### DATA SHOWN

______________________________

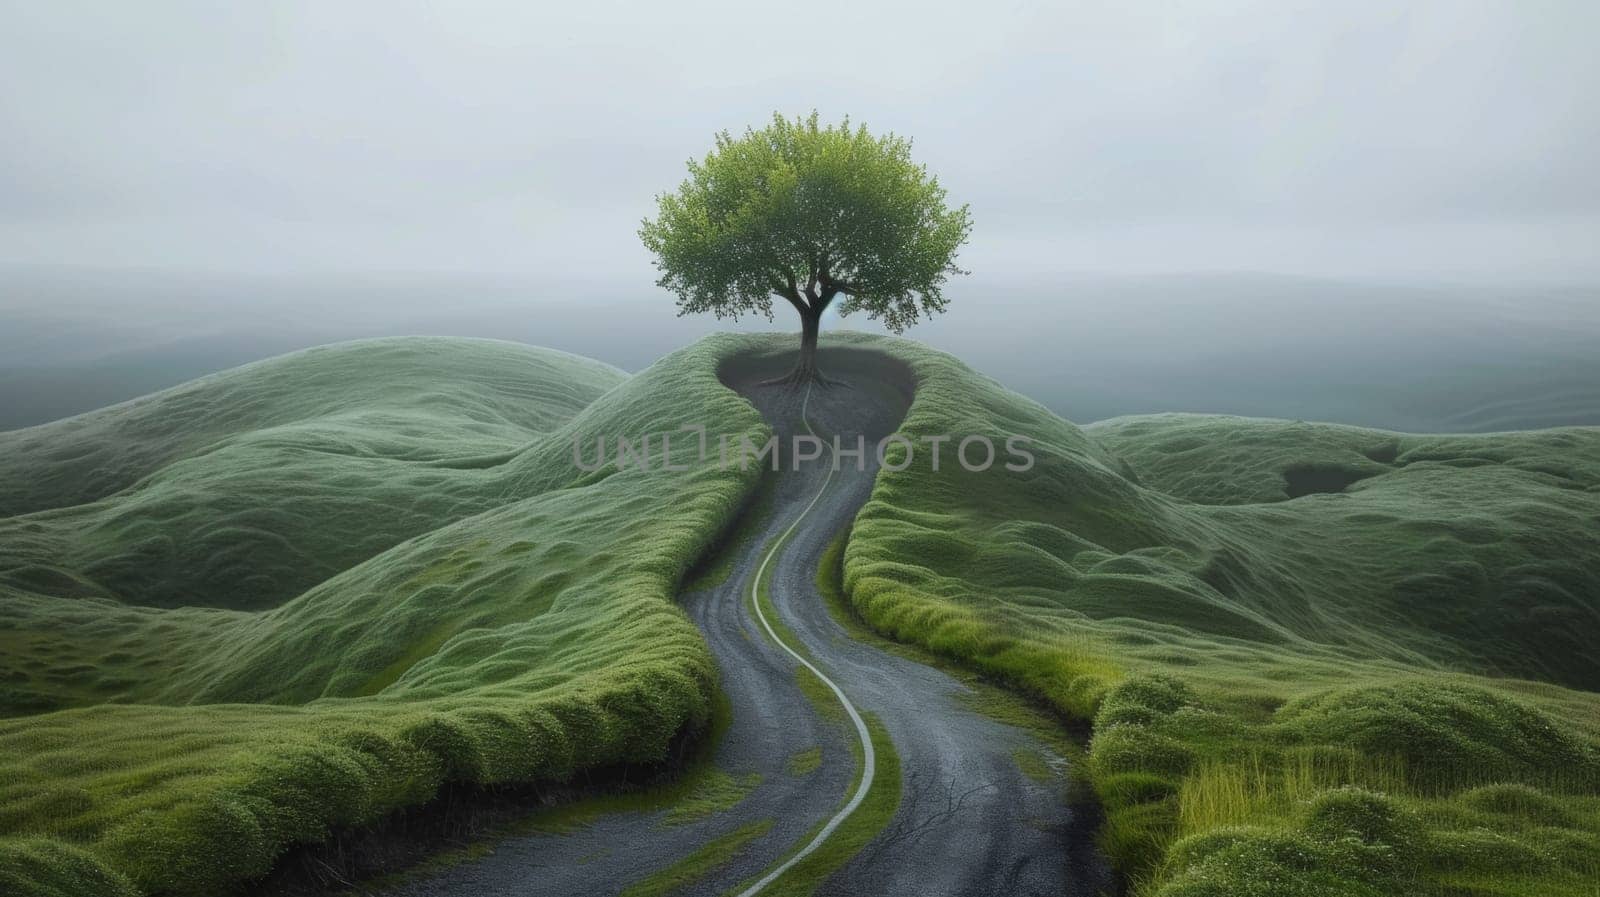 A tree is growing on a winding road in the middle of nowhere
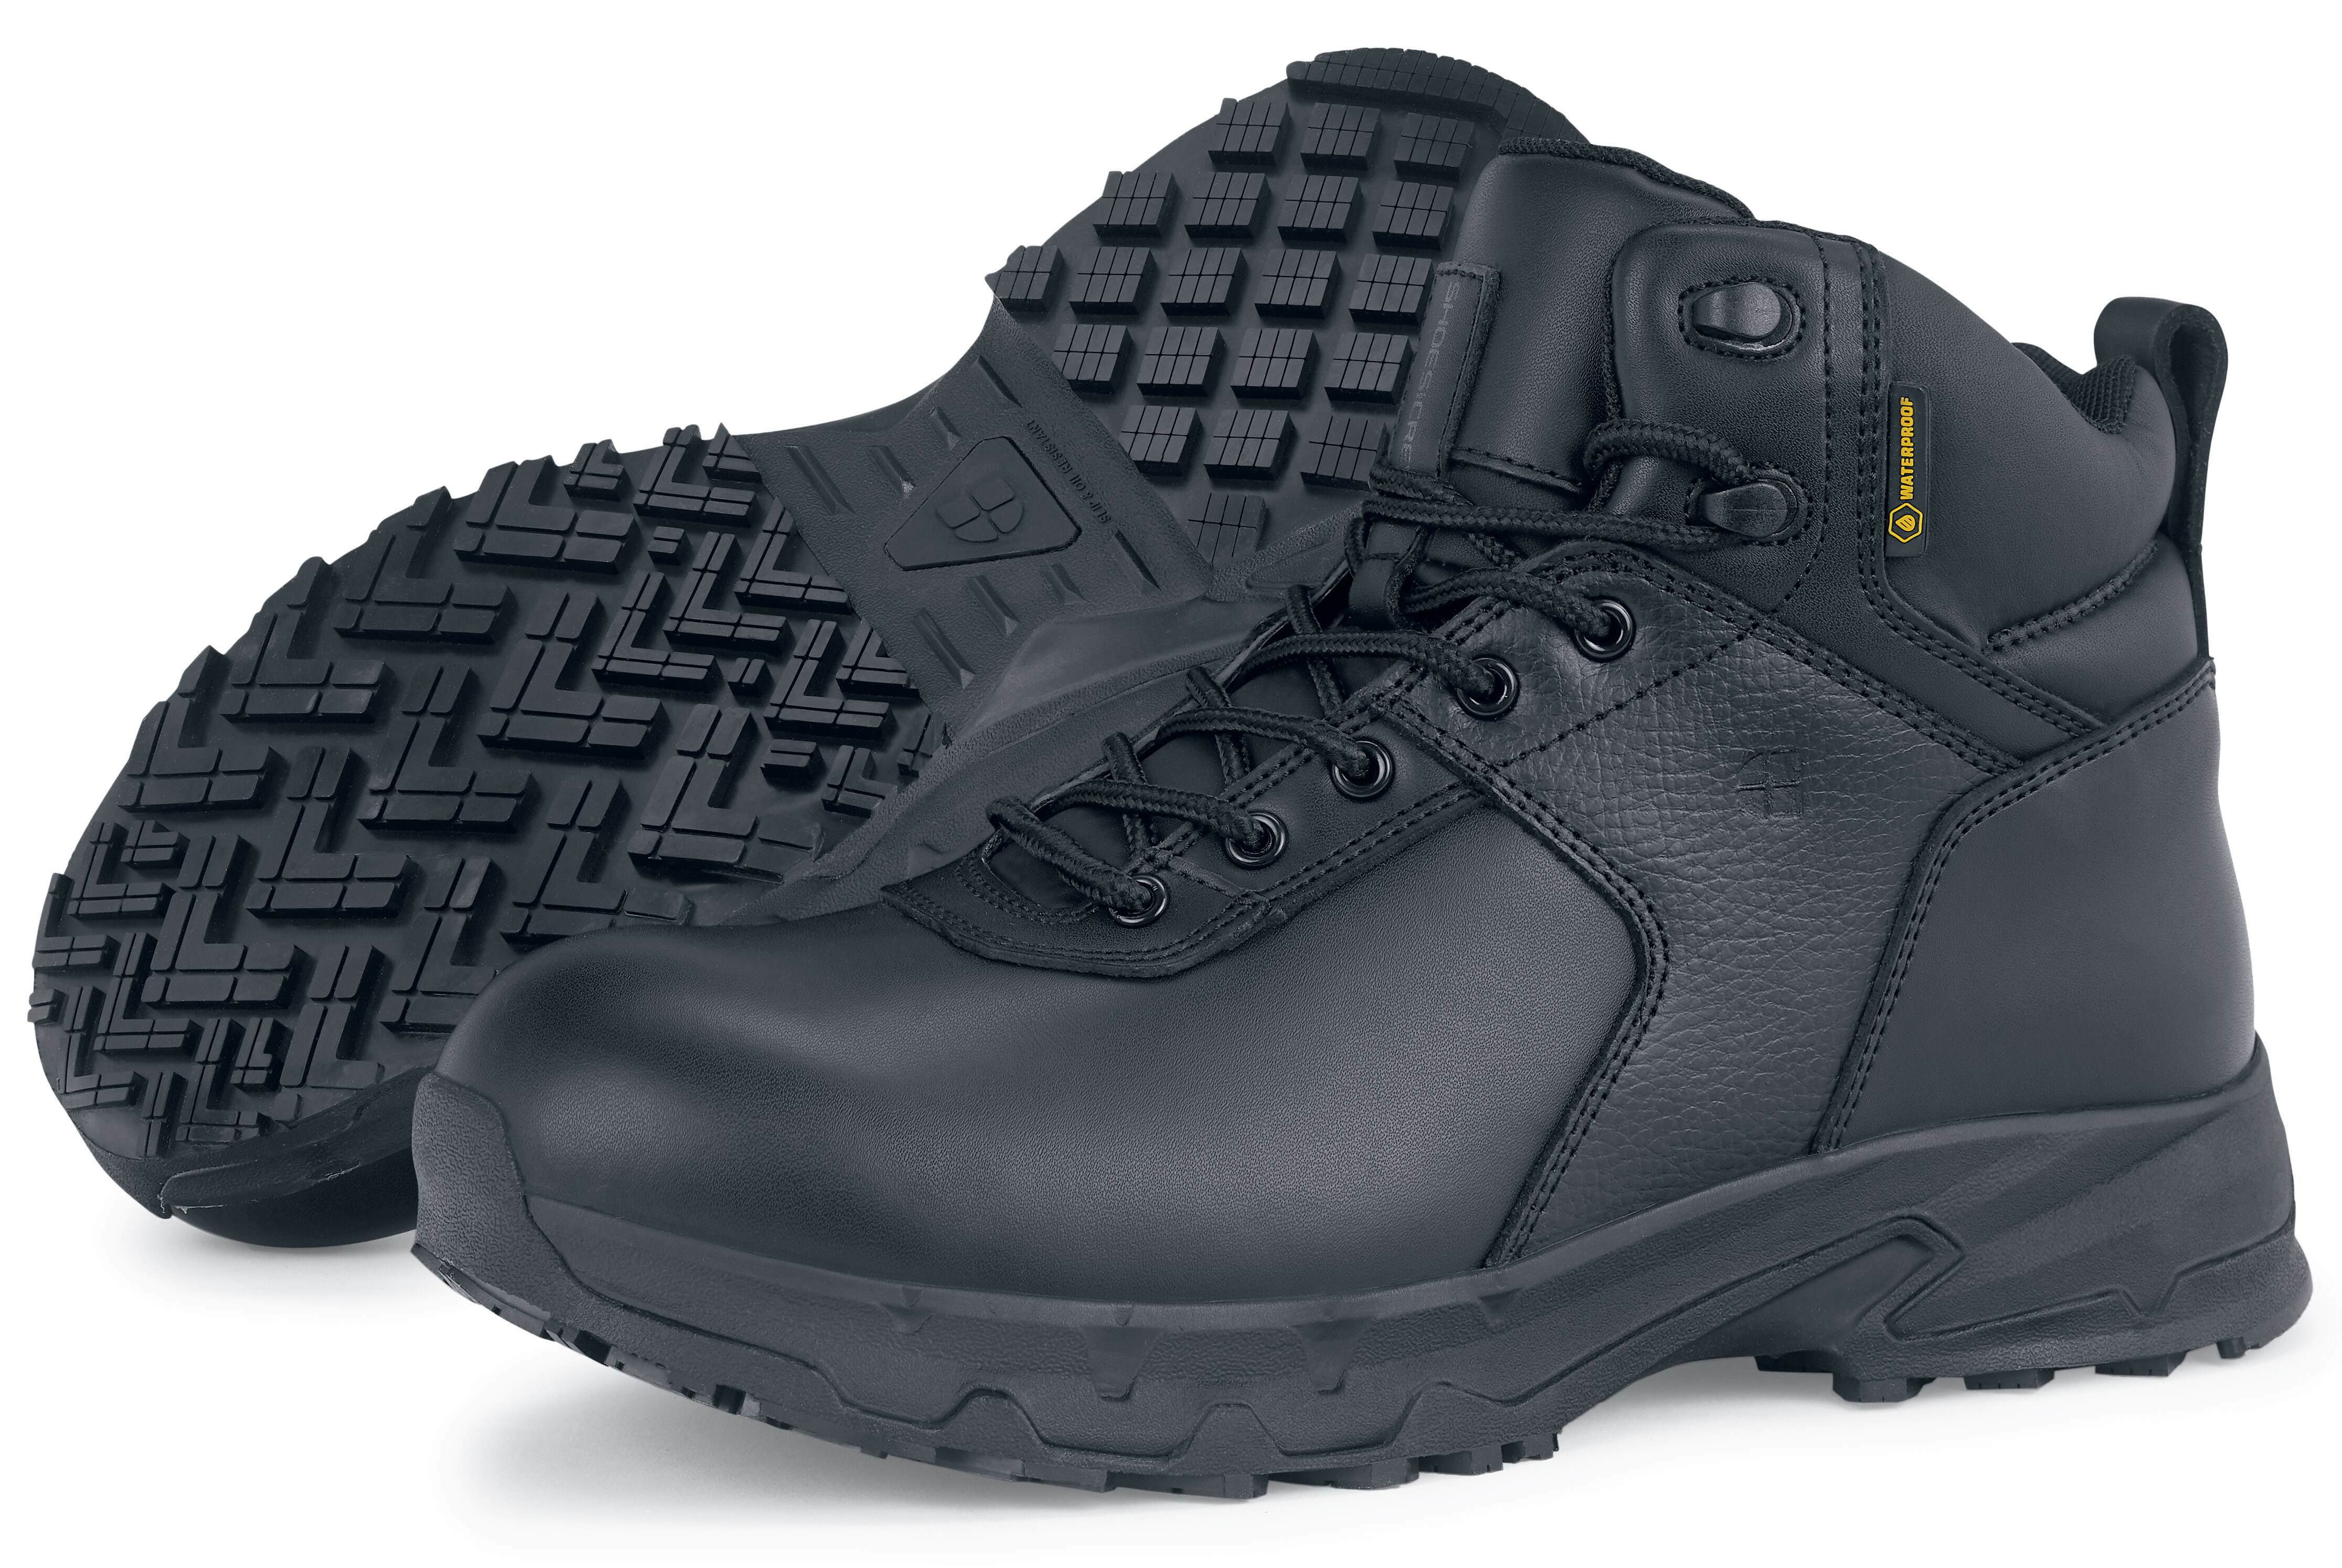 The Engineer IV CT from Shoes For Crews is an slip-resistant safety shoe designed to provide unbeatable comfort and protection throughout the working day, pair seen from the right and bottom.
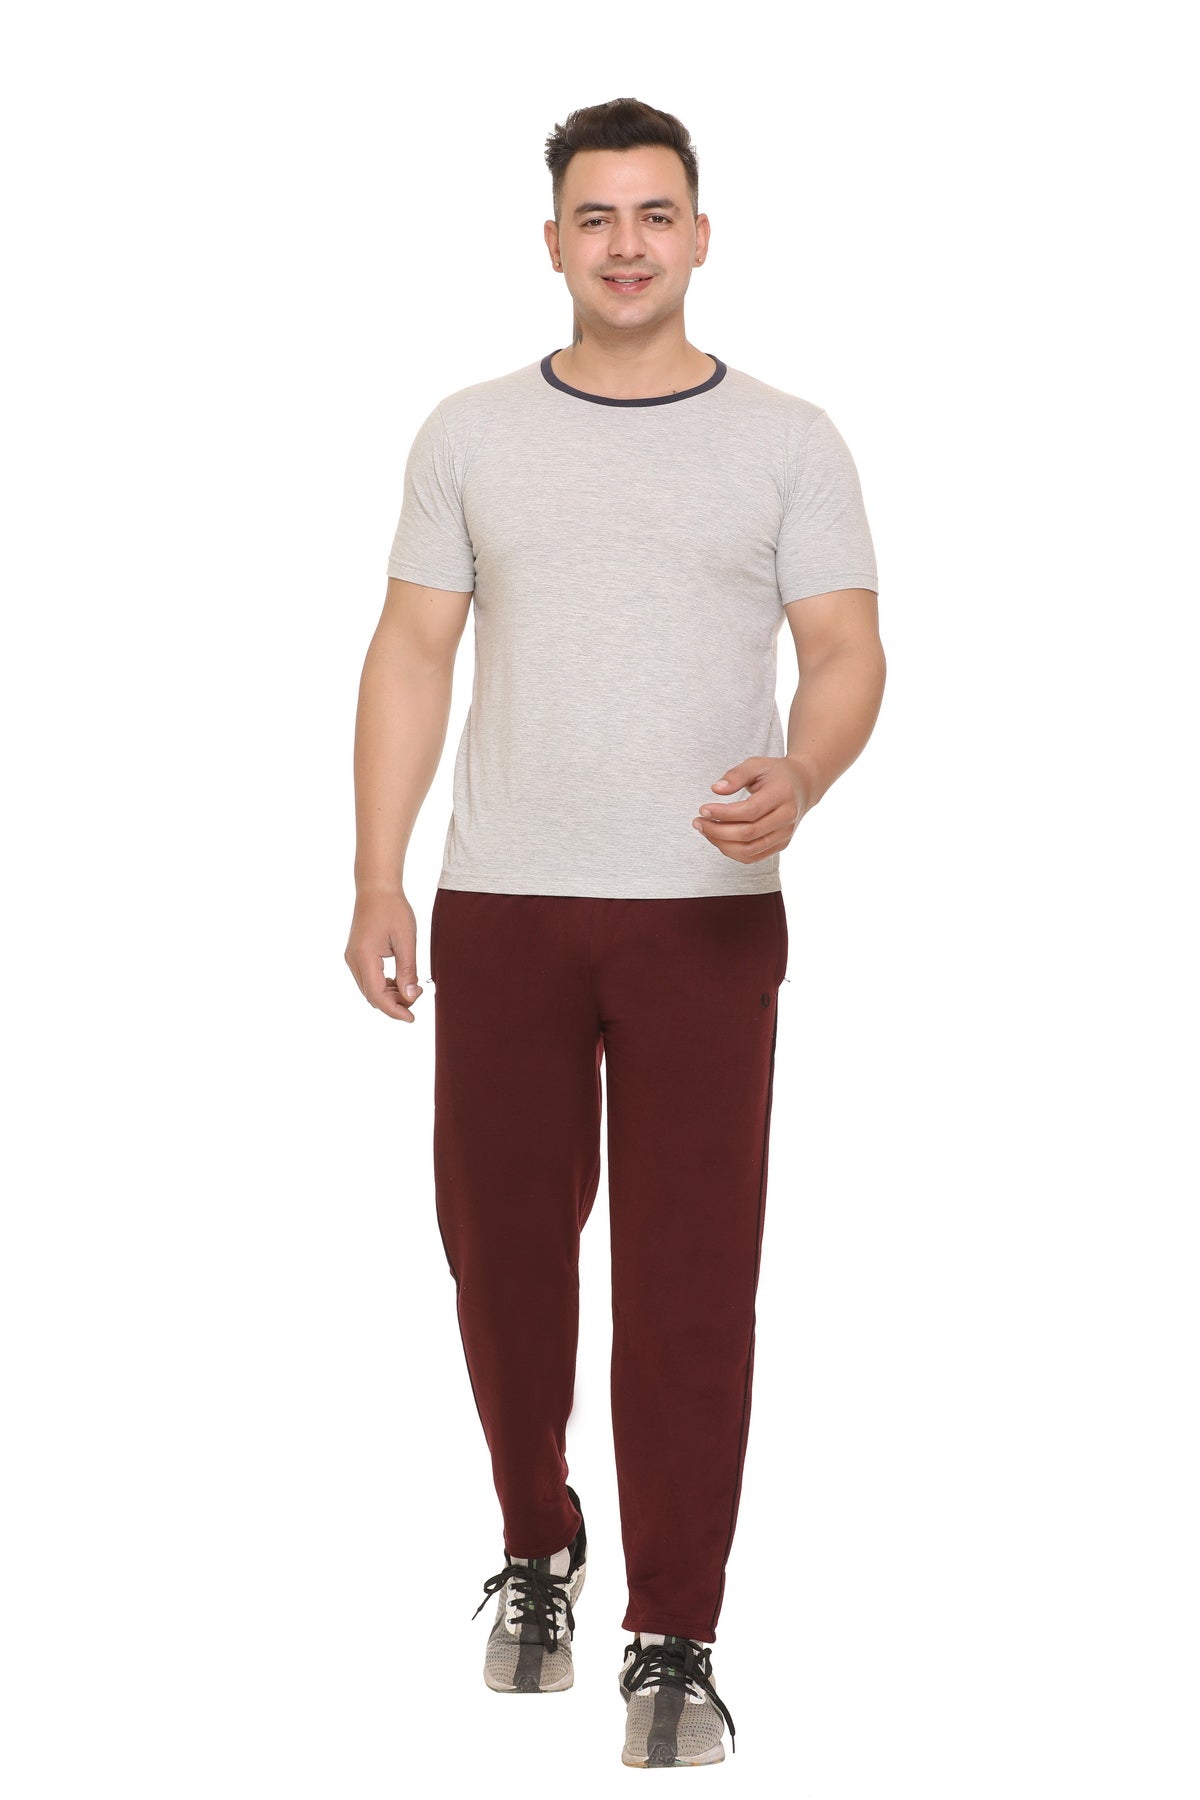 Buy Casual and Formal Dress Pants for Men at Best Price at French Crown
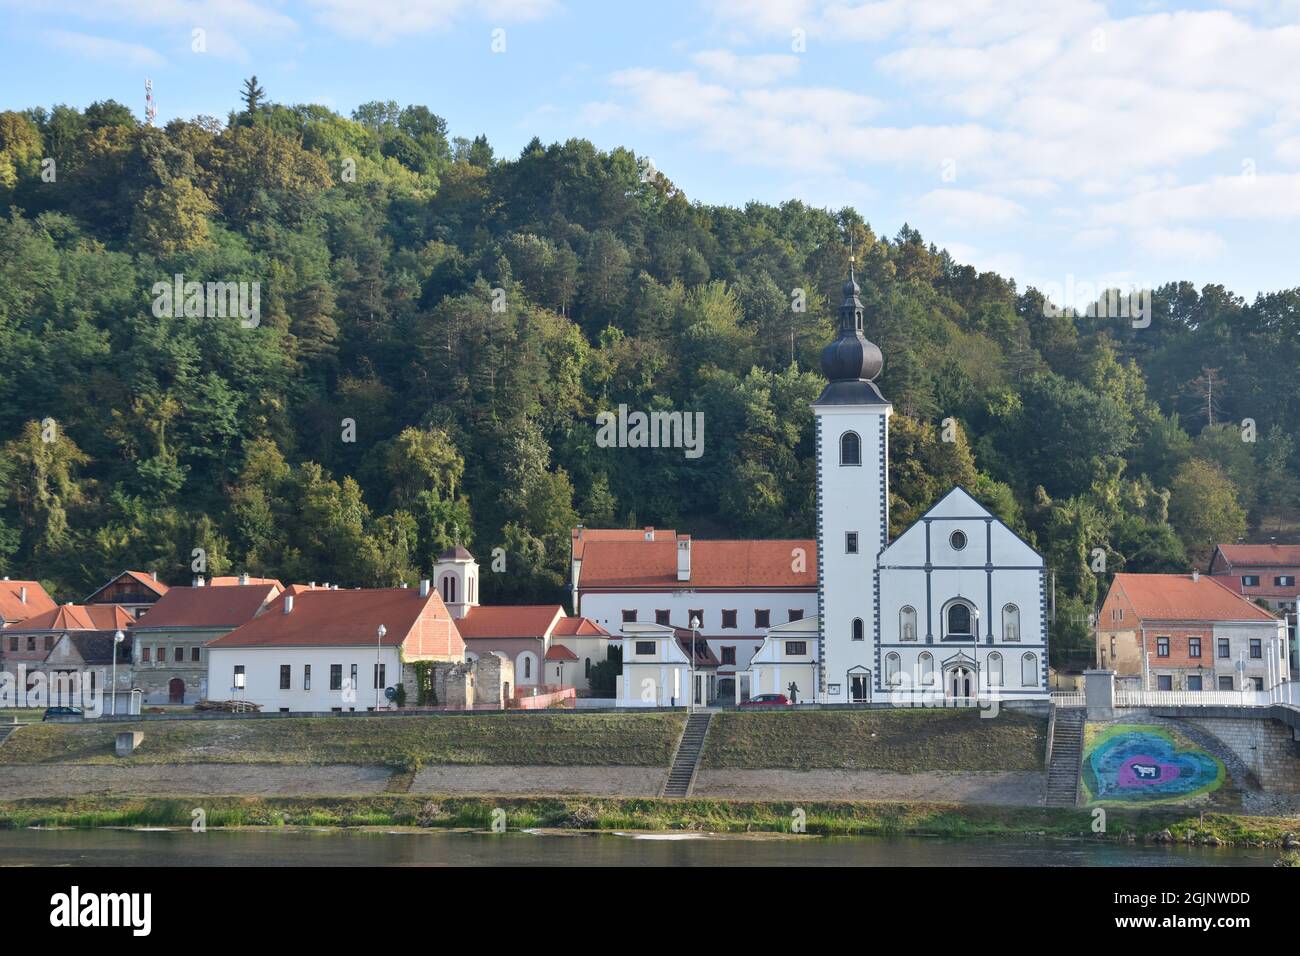 Hrvatska Kostajnica in Croatia, border town with Bosnia, Una river; catholic and orthodox churches side by side Stock Photo

______________________________

Print the data above in full and exactly as it appears, skipping the pictures.

### RESPONSE AREA
 A tree is growing on a winding road in the middle of nowhere
 The Engineer IV CT from Shoes For Crews is an slip-resistant safety shoe designed to provide unbeatable comfort and protection throughout the working day, pair seen from the right and bottom.
 Buy Casual and Formal Dress Pants for Men at Best Price at French Crown
 Hrvatska Kostajnica in Croatia, border town with Bosnia, Una river; catholic and orthodox churches side by side Stock Photo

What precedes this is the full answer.